- Developer: Face
- Publisher: Face Athena (Game Boy/PlayStation) GMF (Windows);
- Producer: Kengo Asai
- Designer: Starman
- Programmer: Piggy
- Artists: Atsuko Ishida Mariko Sumiyoshi Mutsuo Kaneko
- Composers: Kennosuke Suemura Norihiko Togashi
- Platforms: Arcade, Game Boy, Windows, PlayStation
- Release: ArcadeJP: January 17, 1997; Game BoyJP: August 29, 1997; WindowsJP: March 20, 1998; PlayStationJP: November 5, 1998;
- Genre: Puzzle
- Modes: Single-player, multiplayer
- Arcade system: Neo Geo MVS

= Money Puzzle Exchanger =

1997 video game

Money Puzzle Exchanger (Note: Also known as Money Idol Exchanger (マネーアイドルエクスチェンジャー, Manē Aidoru Ekusuchenjā) in Japan) is a 1997 tile-matching puzzle video game developed and published by Face for the Neo Geo arcade platform.
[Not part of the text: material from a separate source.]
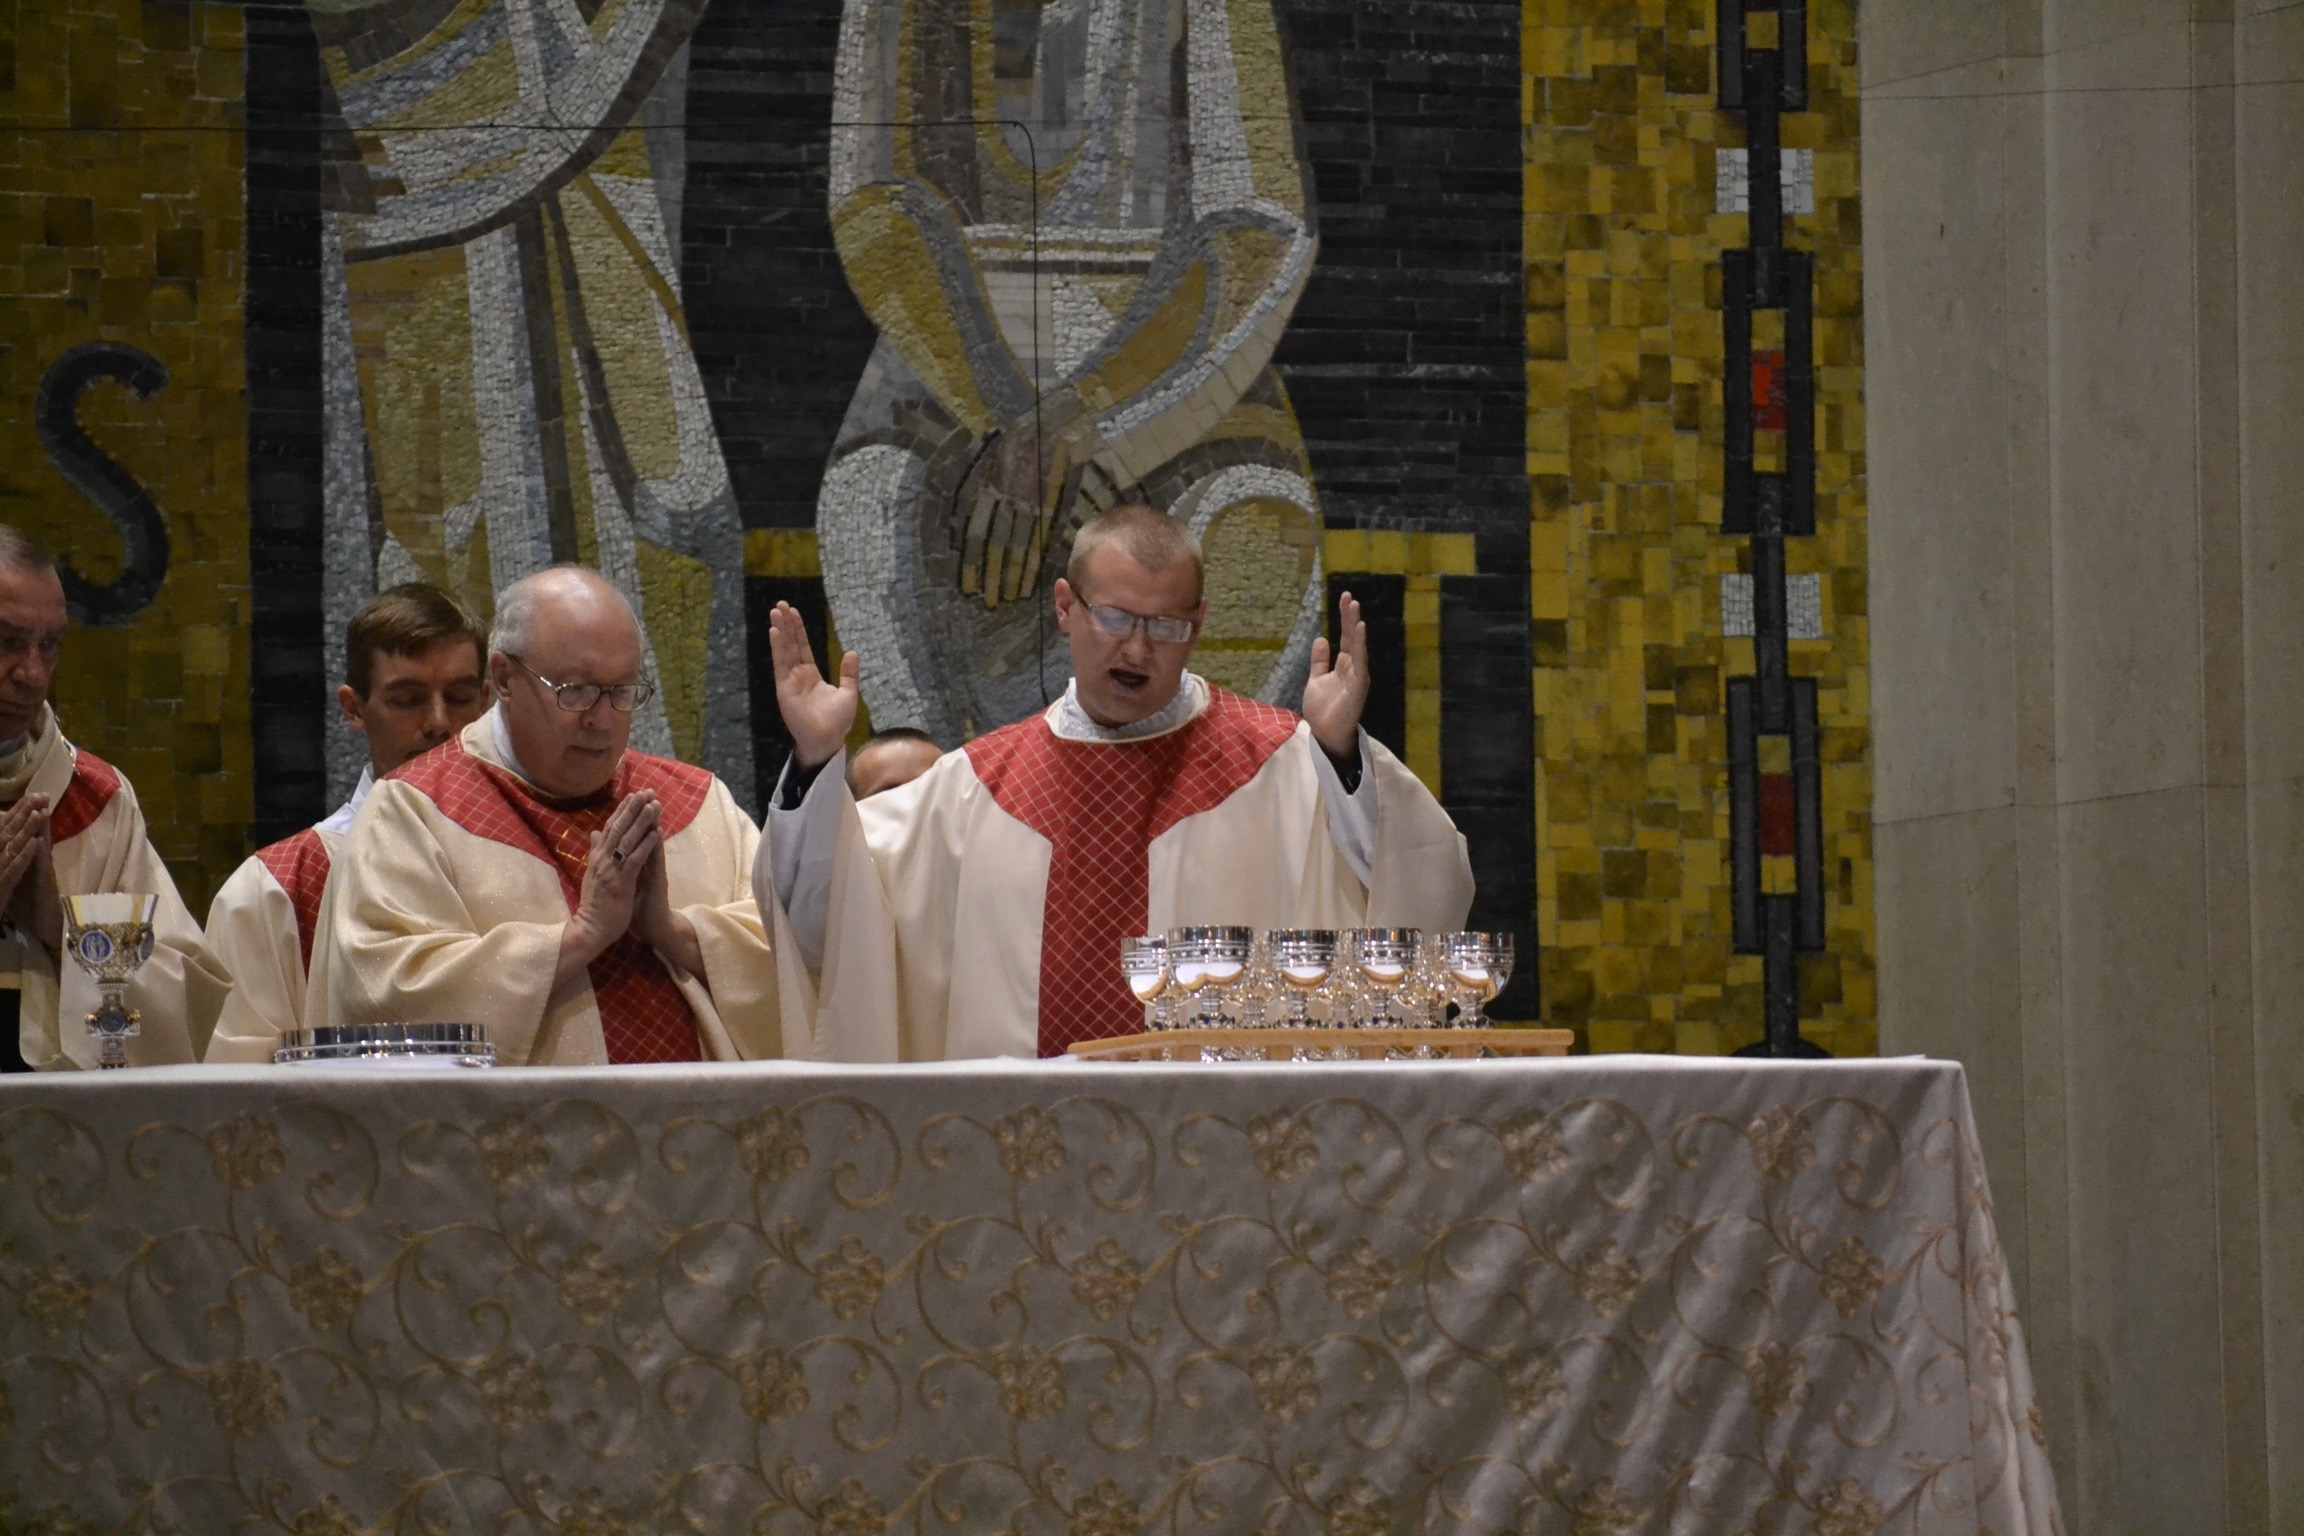 Reverend David Doseck Eucharistic Prayer (CT Photo/Greg Hartman)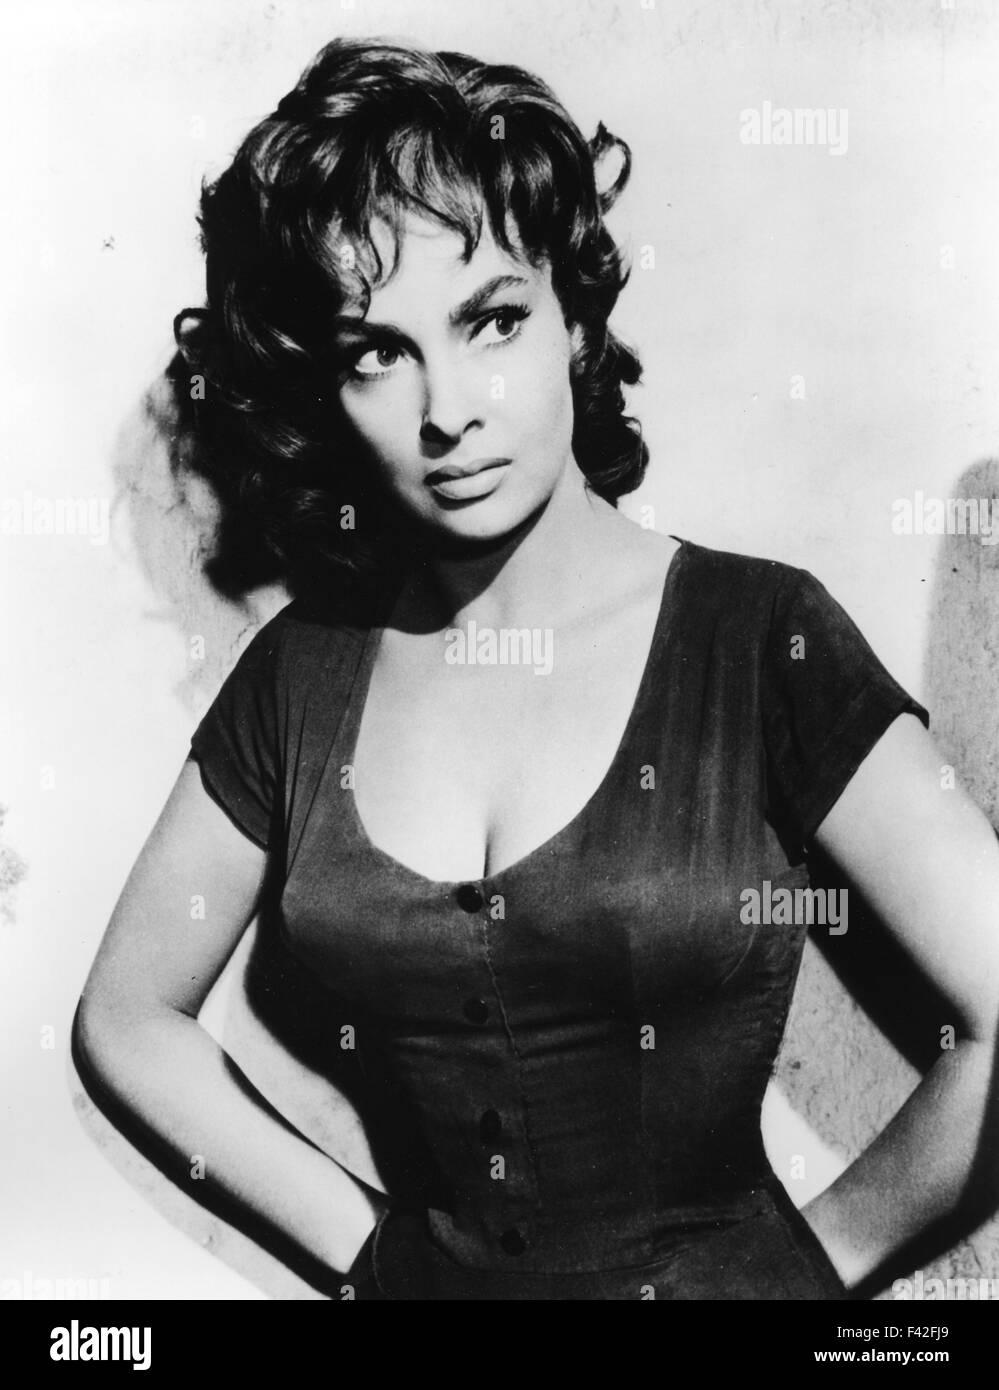 GINA LOLLOBRIGIDA Italian film actress about 1955 Stock

Athena ported it to the Game Boy on August 29, 1997, and the PlayStation on November 5, 1998. Hamster Corporation re-released the game as part of their ACA Neo Geo series for the PlayStation 4, Xbox One, Nintendo Switch and Windows.

== Gameplay ==

Arcade version screenshot

Money Puzzle Exchanger has the same gameplay as Fujitsu's earlier PC game Moujiya, but structured as a stacking game similar to the Magical Drop, AstroPop, and Puzzle Bobble series, whereby players race to prevent a perpetually falling array of coins in different values from filling up the screen. Coins are combined (vertically and/or horizontally) to form higher valued coins; for example, five '1' coins will form a '5' coin, and two '5' coins will form a '10' coin, and so on, until two '500' coins are put together, at which point both disappear. Coins are arranged and colored to match denominations of the yen coins. Two bonus tiles allow for changes in gameplay. A green RU tile will rank up all coins of the same denomination; for example, all '10' coins will become '50' coins. A blue ER title will erase all coins of the same value. The game is won when any coin reaches the bottom of the opponent's screen.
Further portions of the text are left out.